Singapore is on the verge of exempting cryptocurrencies that are meant to function as a medium of exchange from Goods and Services Tax (GST). It is equal to Value-Added Tax (VAT).
The news was made known via a publication made by the Inland Revenue Authority of Singapore (IRAS) on July 5th.
The exemption, if accepted, will take effect on January 1st, 2020, and will overhaul the current system wherein the supply of digital payment tokens is treated as a taxable supply of services.
According to IRAS, till now cryptocurrencies that function or are intended to do so (as a medium of exchange) have been treated as a barter trade that results in two separate supplies which are taxable token supply and a supply of the relevant goods and services.
The document lists the two proposed core changes to taxation rules in future as:
“The use of digital payment tokens as payment for goods or services will not give rise to a supply of those tokens; and (ii) The exchange of digital payment tokens for fiat currency or other digital payment tokens will be exempt from GST.”
In its outline, the IRAS cites bitcoin, ether, litecoin, dash, monero, XRP and zcash as cryptocurrencies that meet its definition of a digital payment token designed to function as a medium of exchange.

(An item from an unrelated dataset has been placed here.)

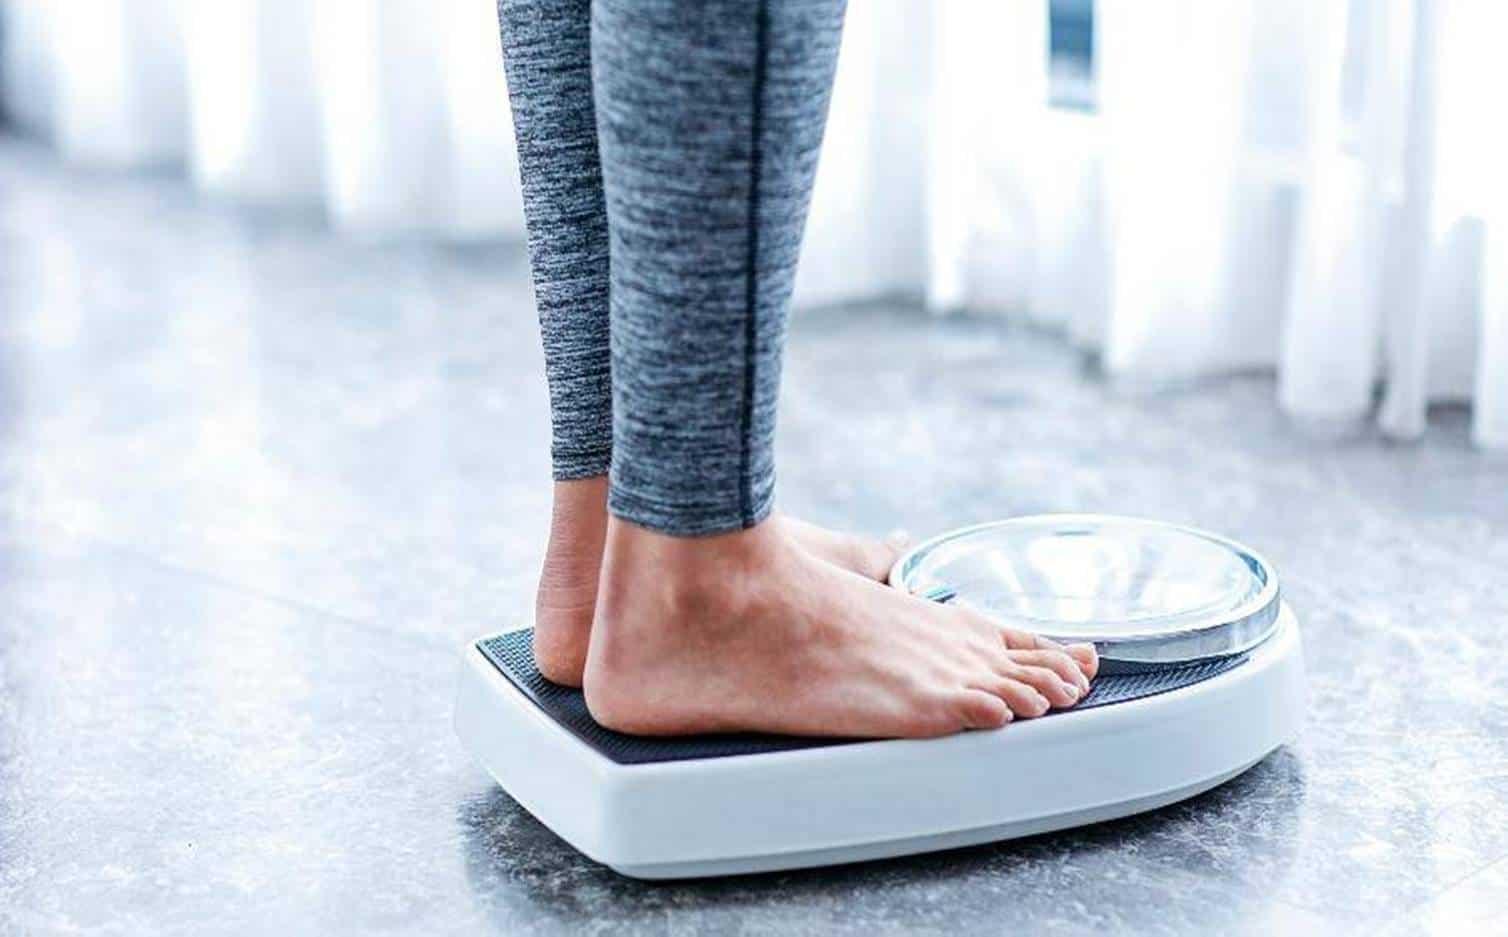 Cansada de fazer dieta? Confira 3 regras simples para emagrecer rápido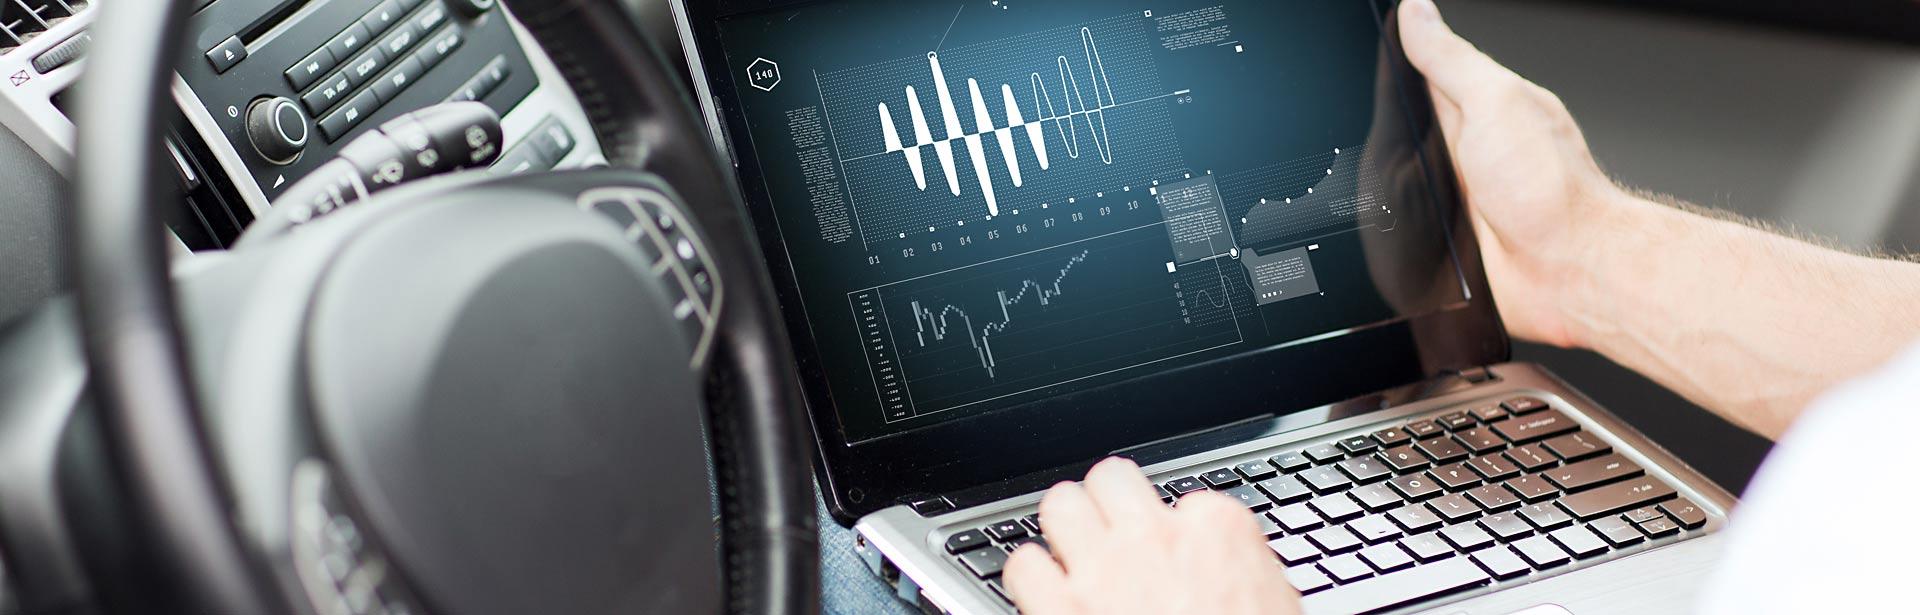 Zugang zu technischen Informationen der Fahrzeughersteller | GVA Gesamtverband Autoteile-Handel e.V.

The IRAS also excludes fiat-pegged crypto assets such as certain stablecoins from its definition of a digital payment token.
Under a section for cryptocurrency mining, the IRAS proposes that in most cases the new rules will exempt token rewards generated by mining, noting that:
“There is generally no sufficiently close nexus between the service provided by the miner to the persons whose transactions are verified, and the mined tokens that the miner received from the blockchain ecosystem. The parties paying the mined tokens are also not identifiable.”
It follows that if “a miner performs services to an identifiable party or parties, in return for a consideration, this constitutes a taxable supply of services,” according to the document.